## PROBLEM STATEMENT
Take the material below and output exactly the run of lines from the one containing "2019 - B - MANAJEMEN PROYEK" down to the one containing "Mickey Playing Basketball", with both included.

## RECORDS FOR THIS EXERCISE
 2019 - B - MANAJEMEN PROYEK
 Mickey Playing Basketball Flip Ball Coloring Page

---

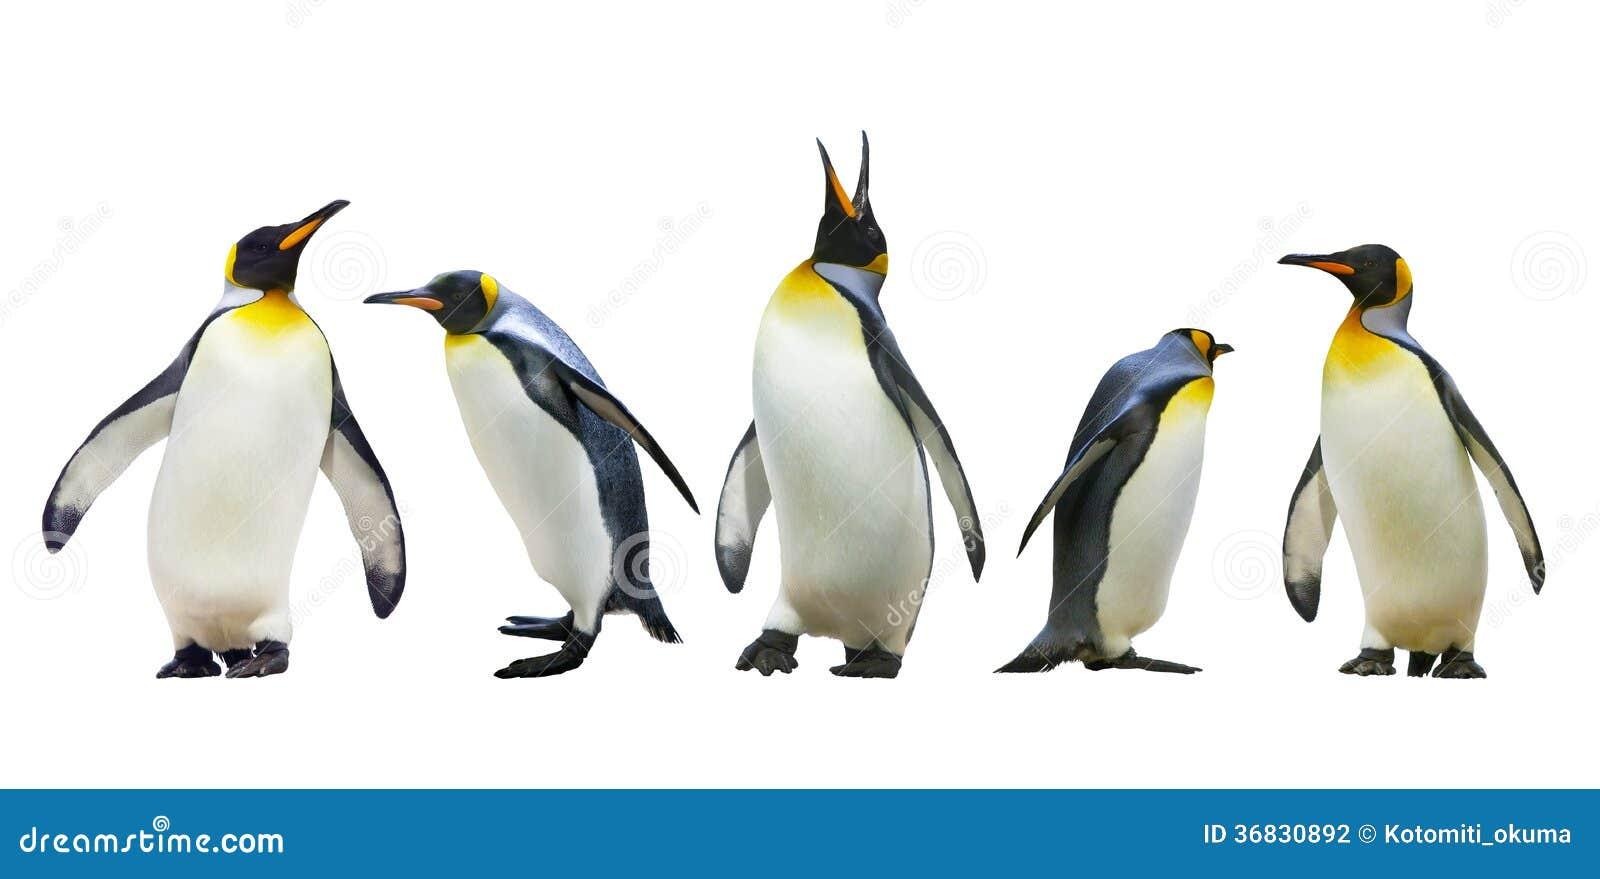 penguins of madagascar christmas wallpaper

## RESULT OF THIS TASK
 2019 - B - MANAJEMEN PROYEK
 Mickey Playing Basketball Flip Ball Coloring Page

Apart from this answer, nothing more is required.